Emmett JA (followed by Bathurst CJ and McColl JA) examined s18 and s30 of the Act, and the qualifier to each of those provisions that the conduct complained of must be conduct ‘in trade or commerce’ before those sections will find operation.  Emmett JA began with the observation at [38] that:  

“In ordinary circumstances, a person who sells his home, whether by private treaty or by auction and whether he conducts the negotiations personally or through a real estate agent, would not be said to be undertaking those activities in the course of a trade or business or in a business context”.  

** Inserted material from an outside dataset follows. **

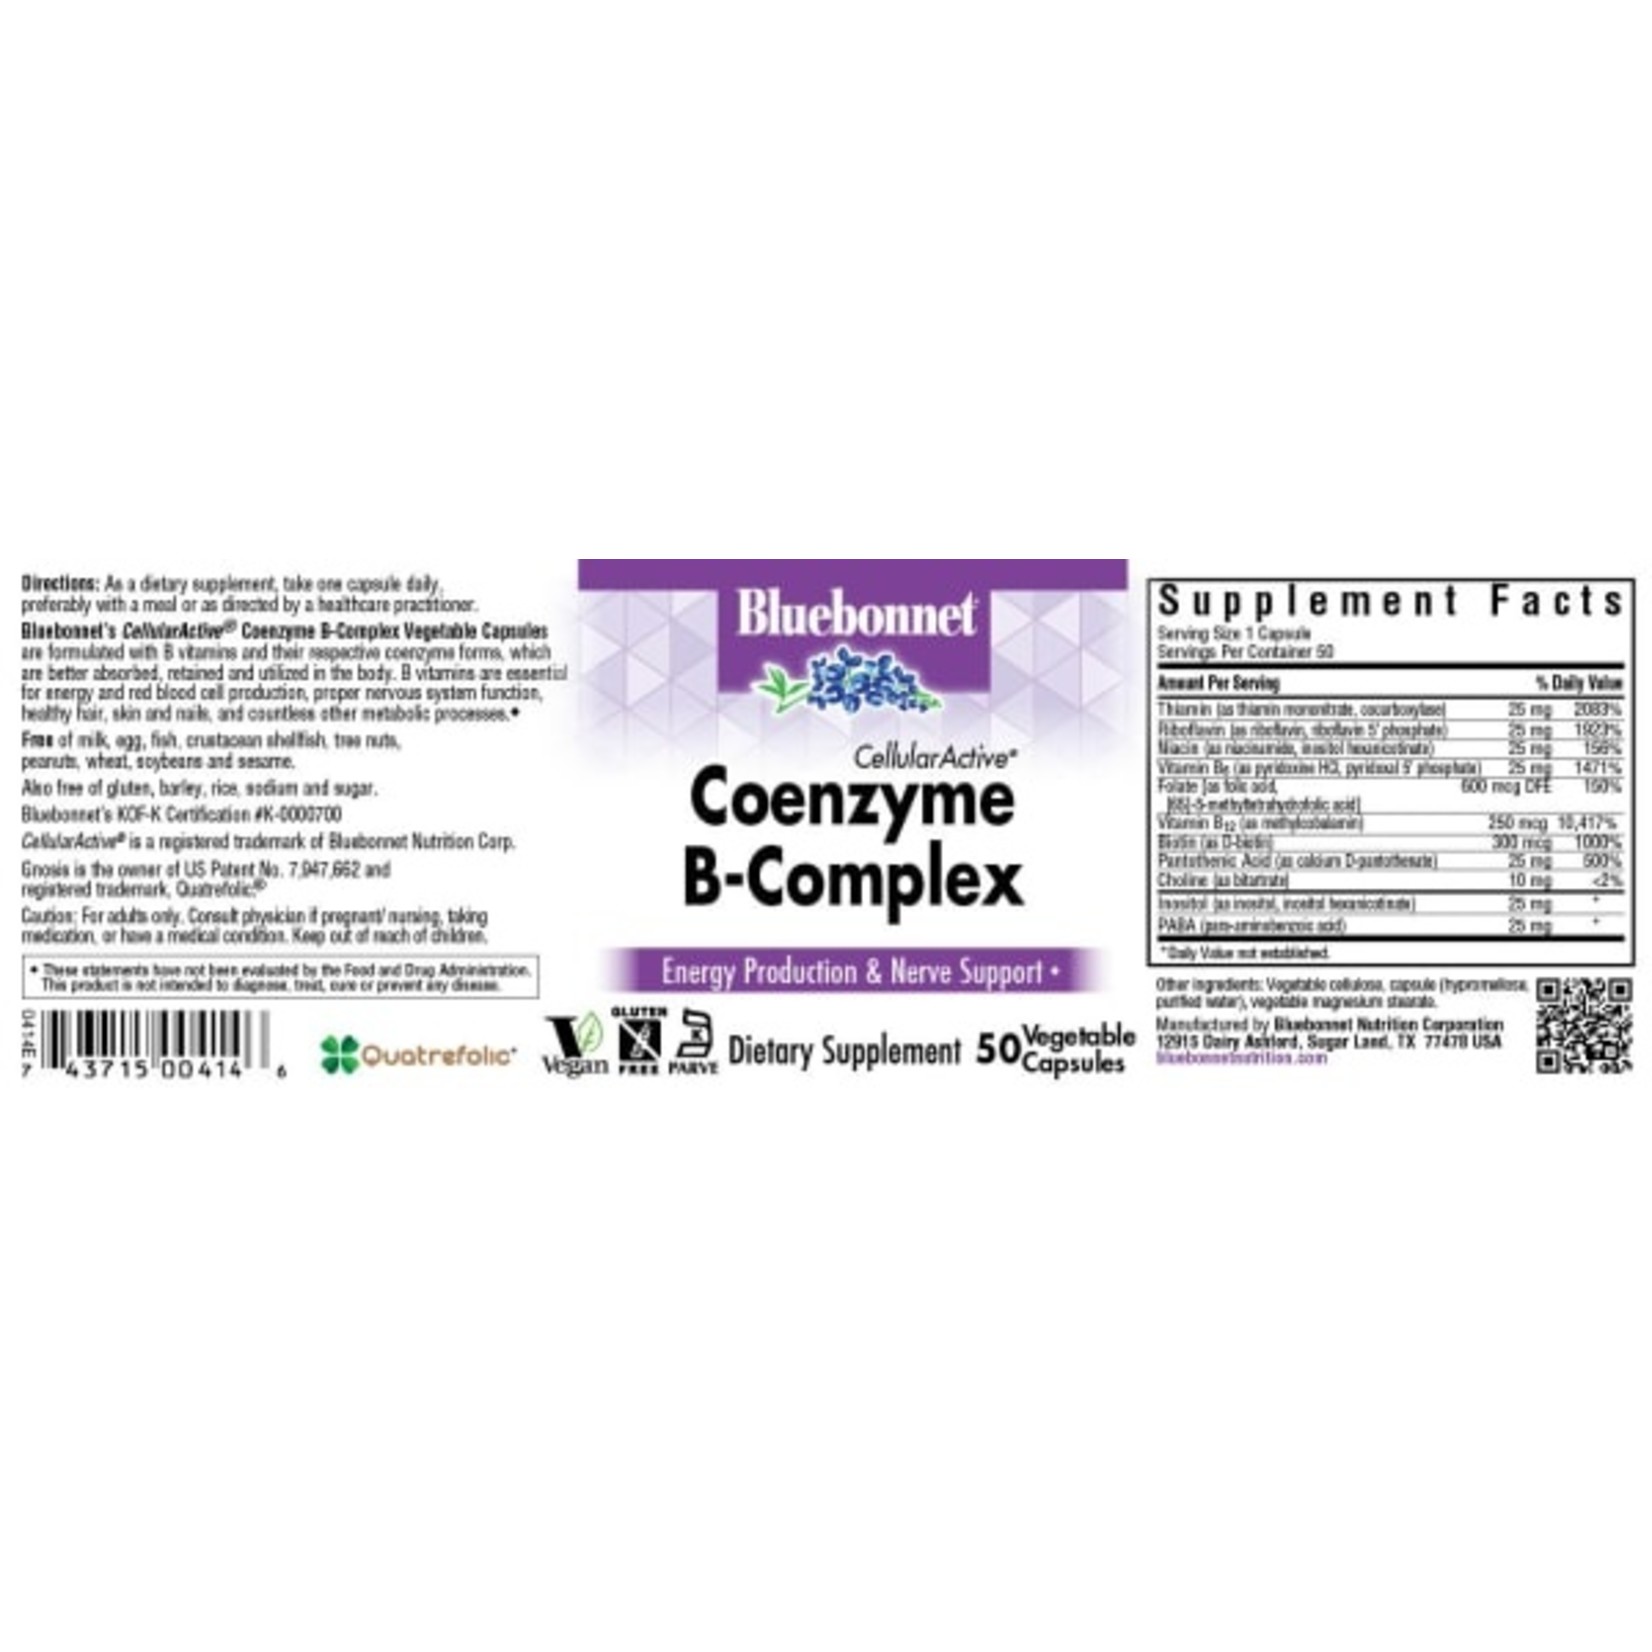 Bluebonnet Bluebonnet - Coenzyme B-Complex - 50 Veg Capsules

Emmett JA considered the particular facts and circumstances of the sale before concluding that the vendors’ marketing of the property did not constitute conduct ‘in trade or commerce’.  

As to the vendors’ use of real estate agents (whose own business is ordinarily ‘in trade or commerce’), Emmett JA said at [38]:  

“The mere use of an estate agent does not bring about the result that the sale of a capital asset by a householder is a transaction occurring in trade or commerce”.  

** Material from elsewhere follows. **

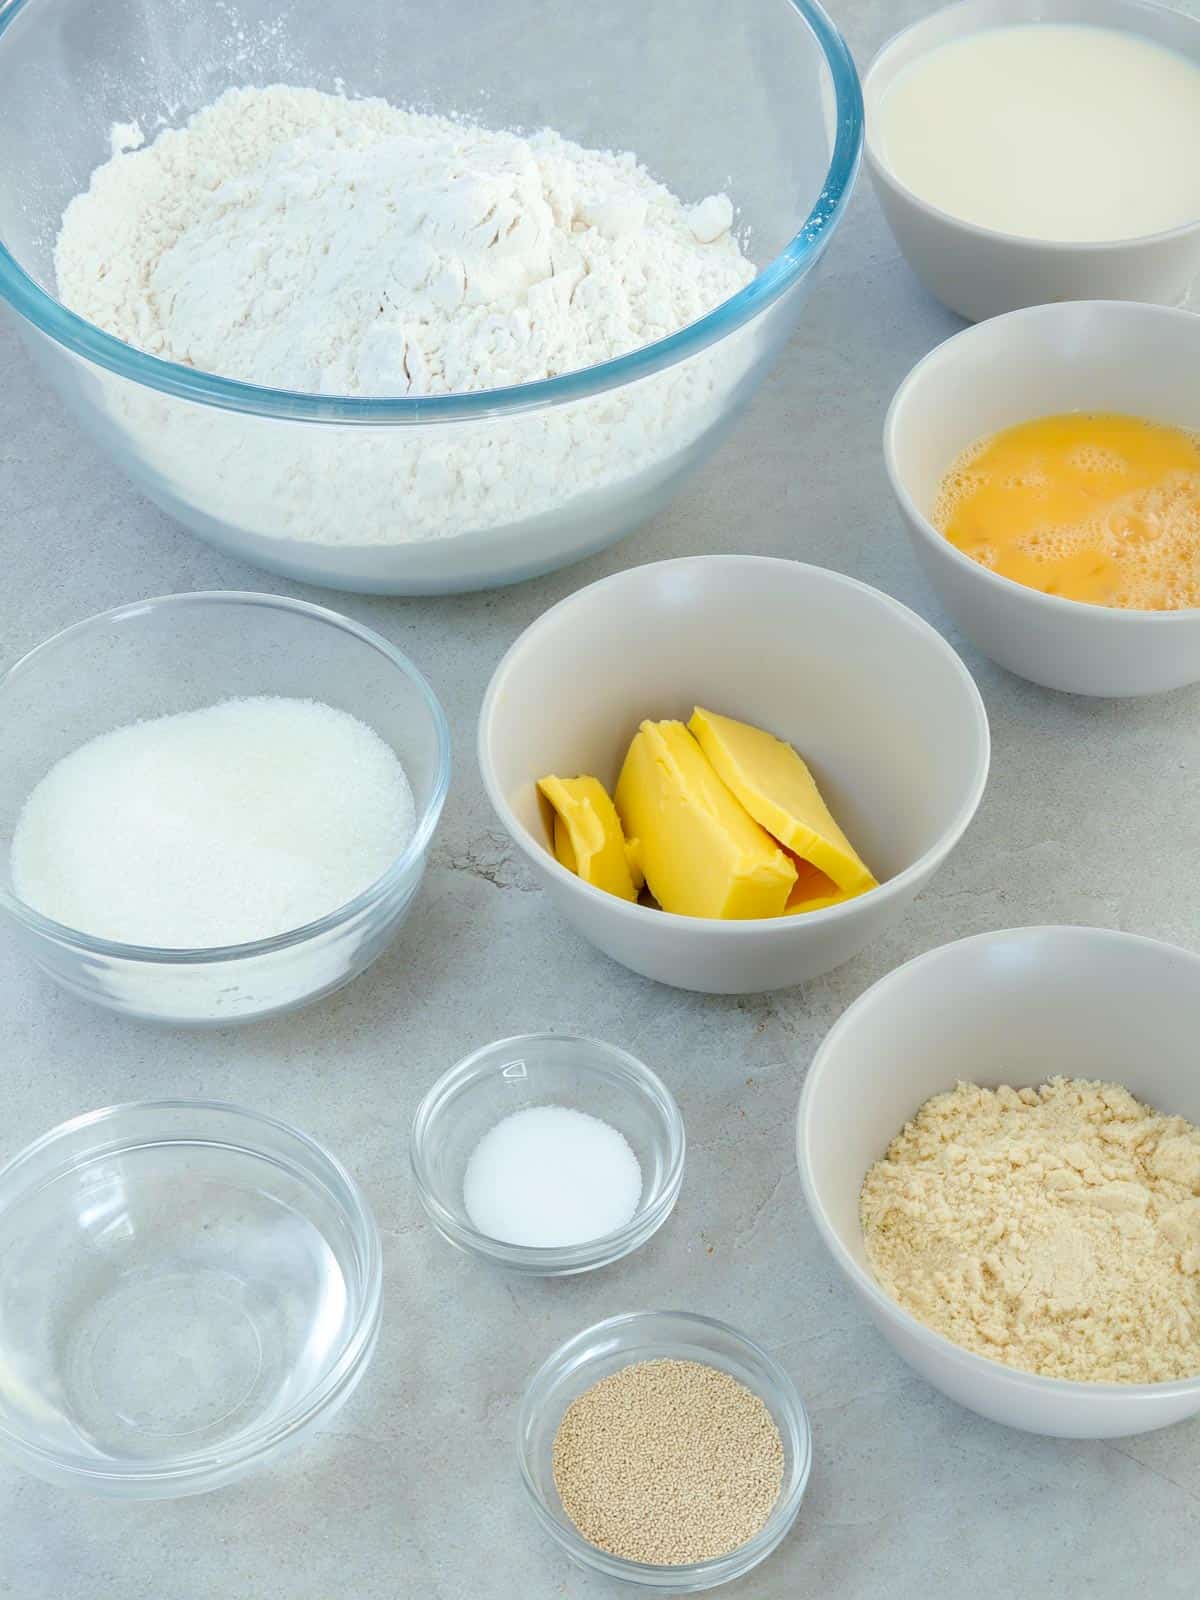 flour, butter, eggs, yeast, water, sugar, salt, milk in bowls

It had been accepted that the acts performed by the agent were done with the authority of the vendors.  Whilst the acts of the agent could therefore be imputed to the vendors, Emmett JA said that the ‘business character’ of the acts done by the agent could not be imputed to the acts of the vendors.  At [34]:  

“…the element of acting in trade or commerce will not be attributed to owners selling their home merely by reason of their engagement of an estate agent to find a buyer”.   

What does this mean?  

Although the Court of Appeal’s observations on proportionate liability and the Australian Consumer Lawwere made in obiter, the observations were made by a three judge bench and are, in the authors' view, a straight line application of the High Court’s decision in Selig.  

The proportionate liability regime was introduced to avoid the ‘deep-pocket syndrome’ whereby professionals with insurance were being targeted for 100% of a plaintiff’s loss, when they were only responsible for a portion of that loss. This decision makes it difficult to see any circumstance where a real estate agent will be able to obtain the benefit of apportionment.  

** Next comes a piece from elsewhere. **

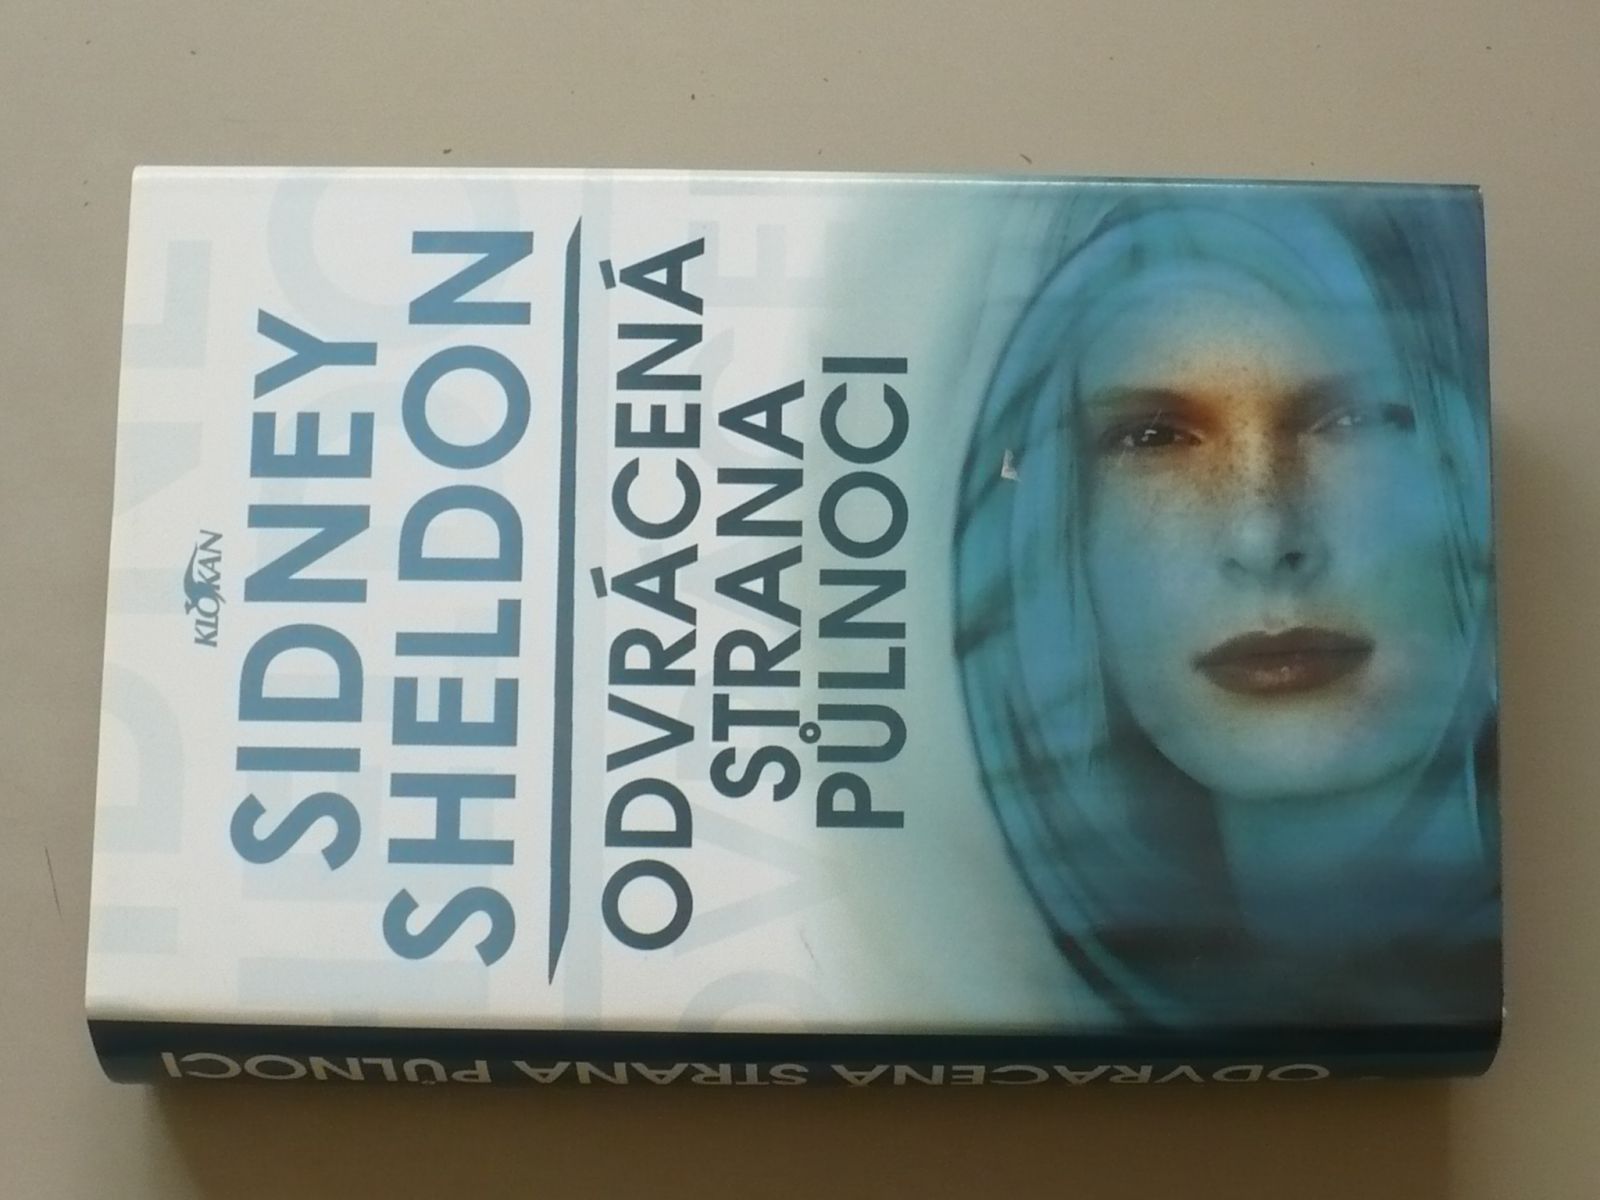 Sidney Sheldon - Odvrácená strana půlnoci (2002)

Ordinarily a plaintiff will plead multiple causes of action arising from the same facts when pursuing a claim against a defendant.  To avoid the operation of proportionate liability under the Australian Consumer Law, and obtain 100% of their loss, a plaintiff will need to identify a cause of action which is outside s18.  In the context of a claim against a real estate agent, this will not be difficult as the exact same conduct by a real estate agent will trigger both s18 and s30.   

On the basis then that plaintiffs properly bring claims under s30 rather than s18, there will be very few circumstances where a real estate agent will gain the benefit of proportionate liability.  

As to the Court of Appeal’s findings on ‘in trade or commerce’, the case provides a basis from which vendors can argue that there is an assumption that a residential sale will not carry the business character required to trigger s18 and s30, even where that sale is marketed publically through an agent.  The practical implication for vendors and real estate agents is that there is an aligned interest in pleading agency to defeat a claim by a purchaser.